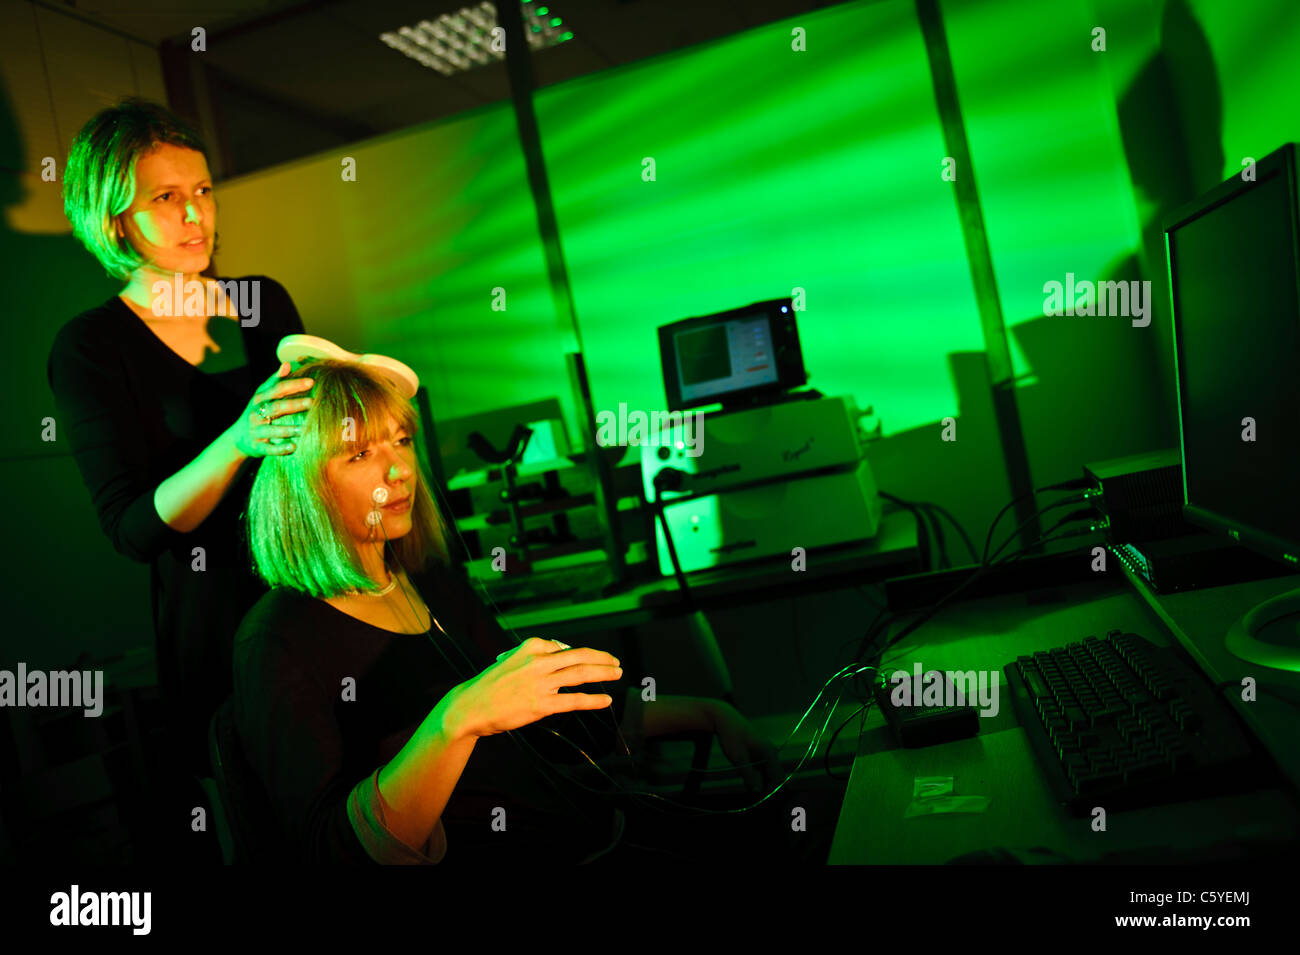 neuroscientist using key shaped paddle to perform transcranial magnetic stimulation TMS on subject sitting in lab Lit green Stock Photo
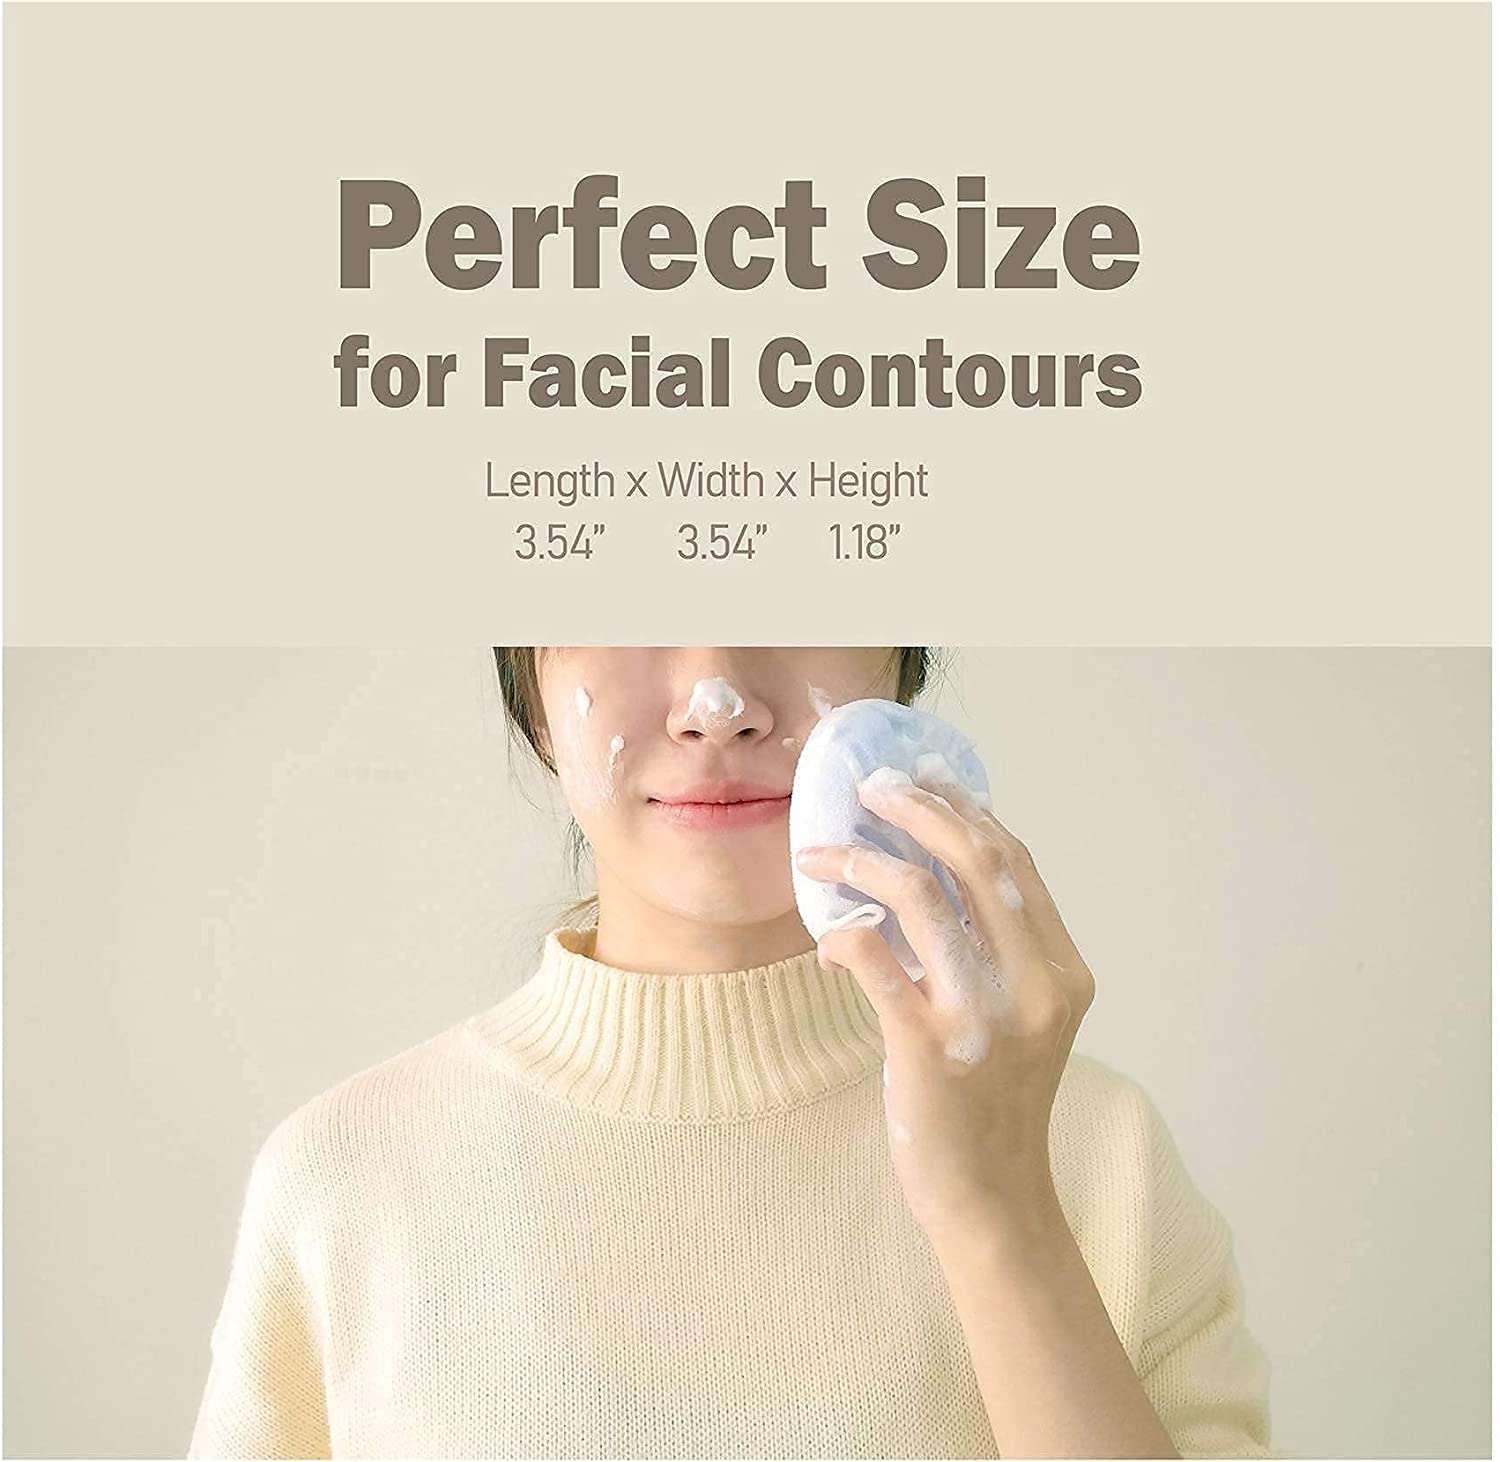 myHomeBody Dual-Texture Facial Sponges
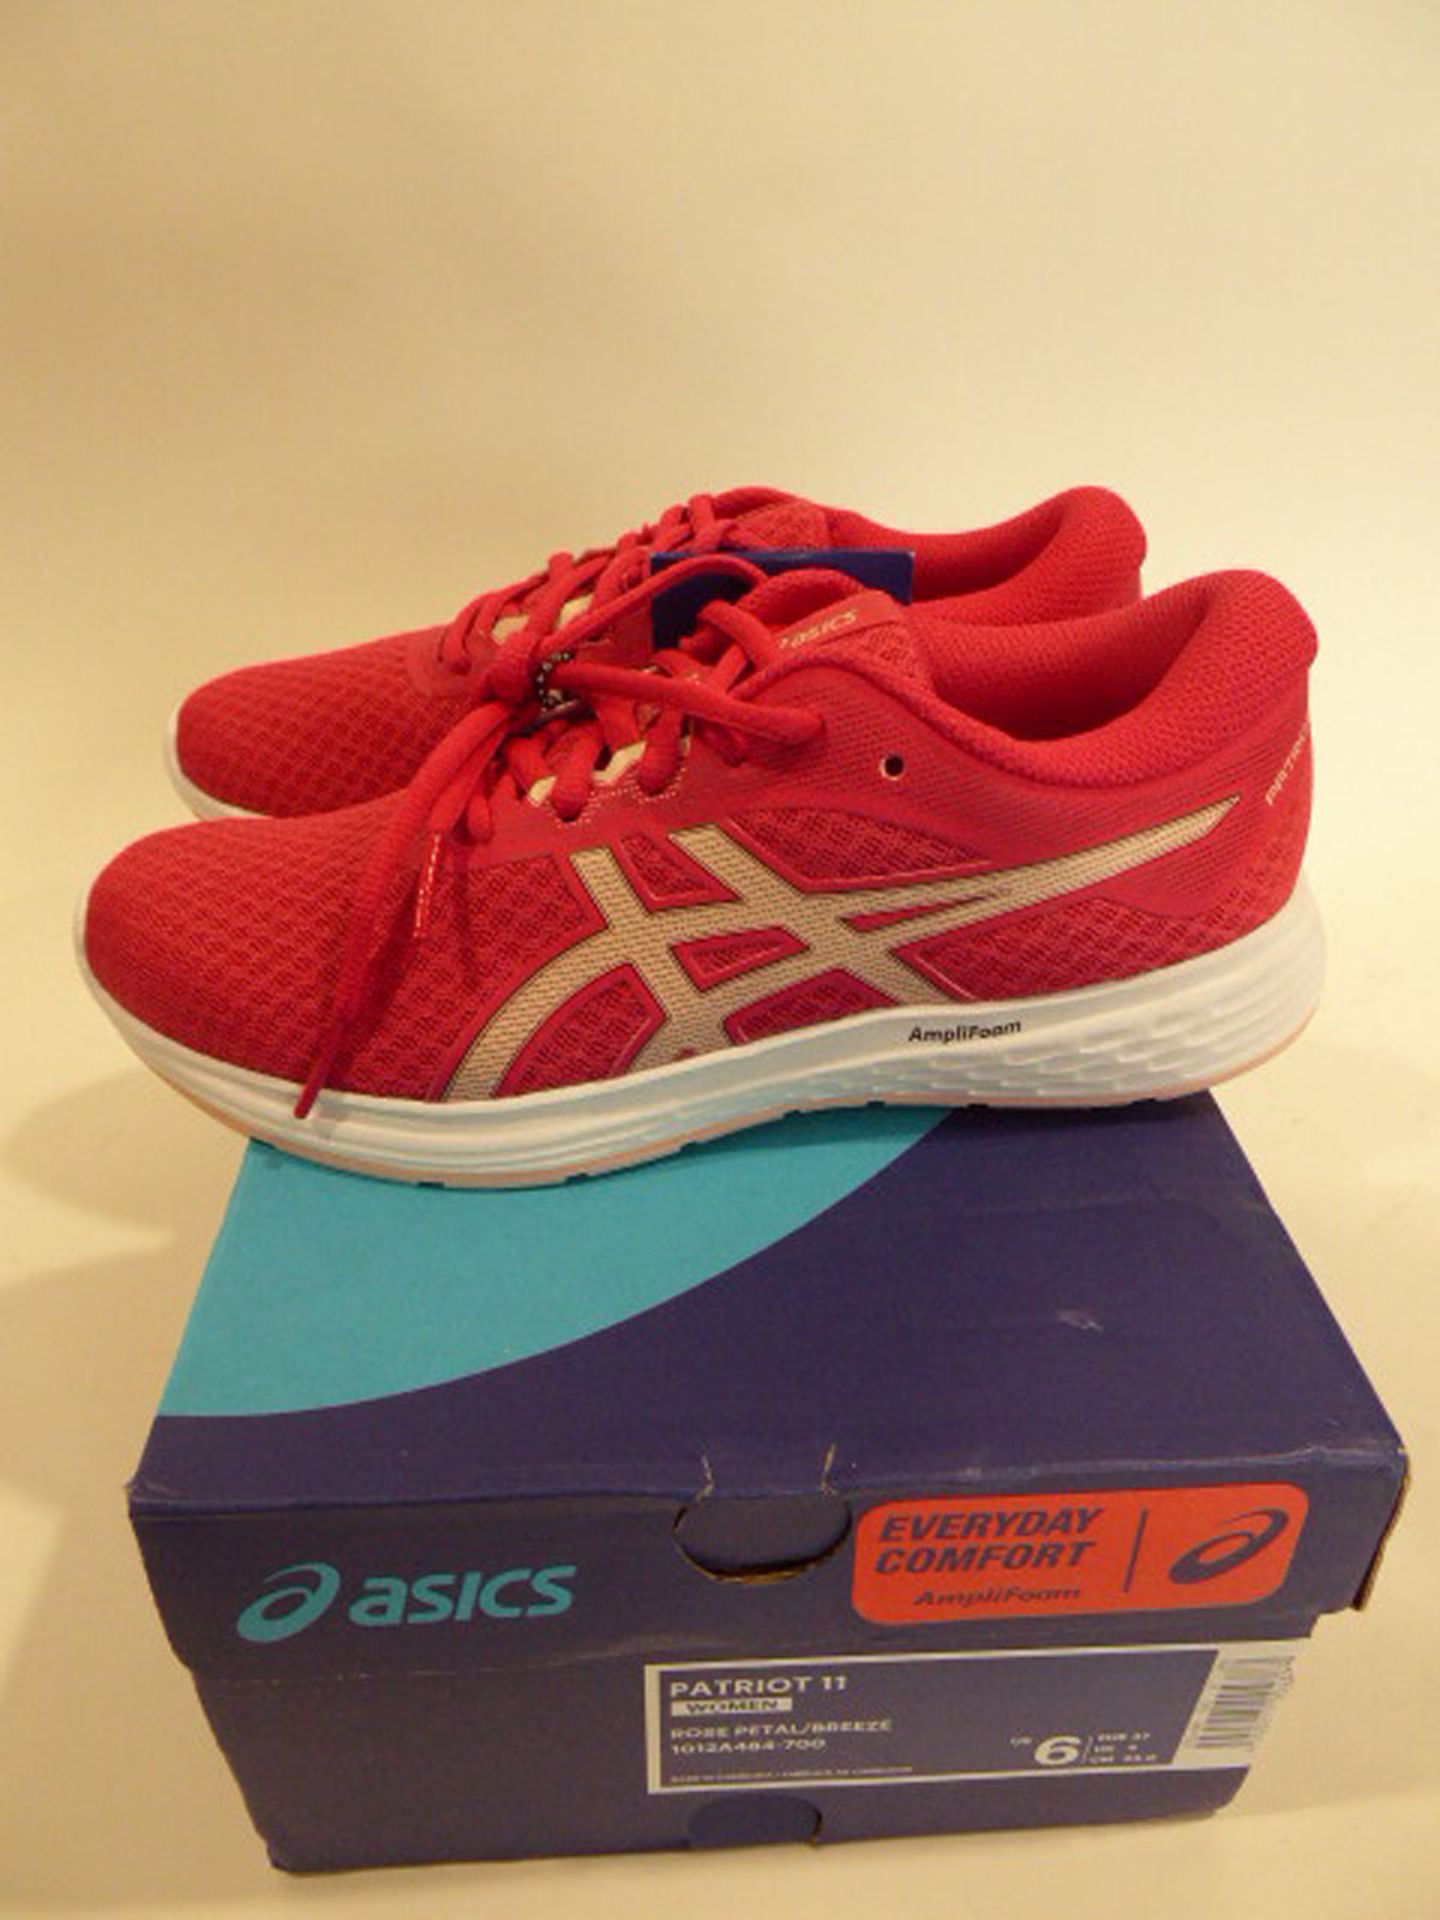 Asics Patriot 11 womens trainers size 4 and a pair of Asics Netburner Ballistic FF trainers size 5 - Image 3 of 5

* REQUIRED ACTION *
Beginning with the line containing "myHomeBody Dual-Texture Facial Sponges" and ending with the last line of the material, output each line exactly; do not include pictures.

* RESULT *
 myHomeBody Dual-Texture Facial Sponges
 Asics Patriot 11 womens trainers size 4 and a pair of Asics Netburner Ballistic FF trainers size 5 - Image 3 of 5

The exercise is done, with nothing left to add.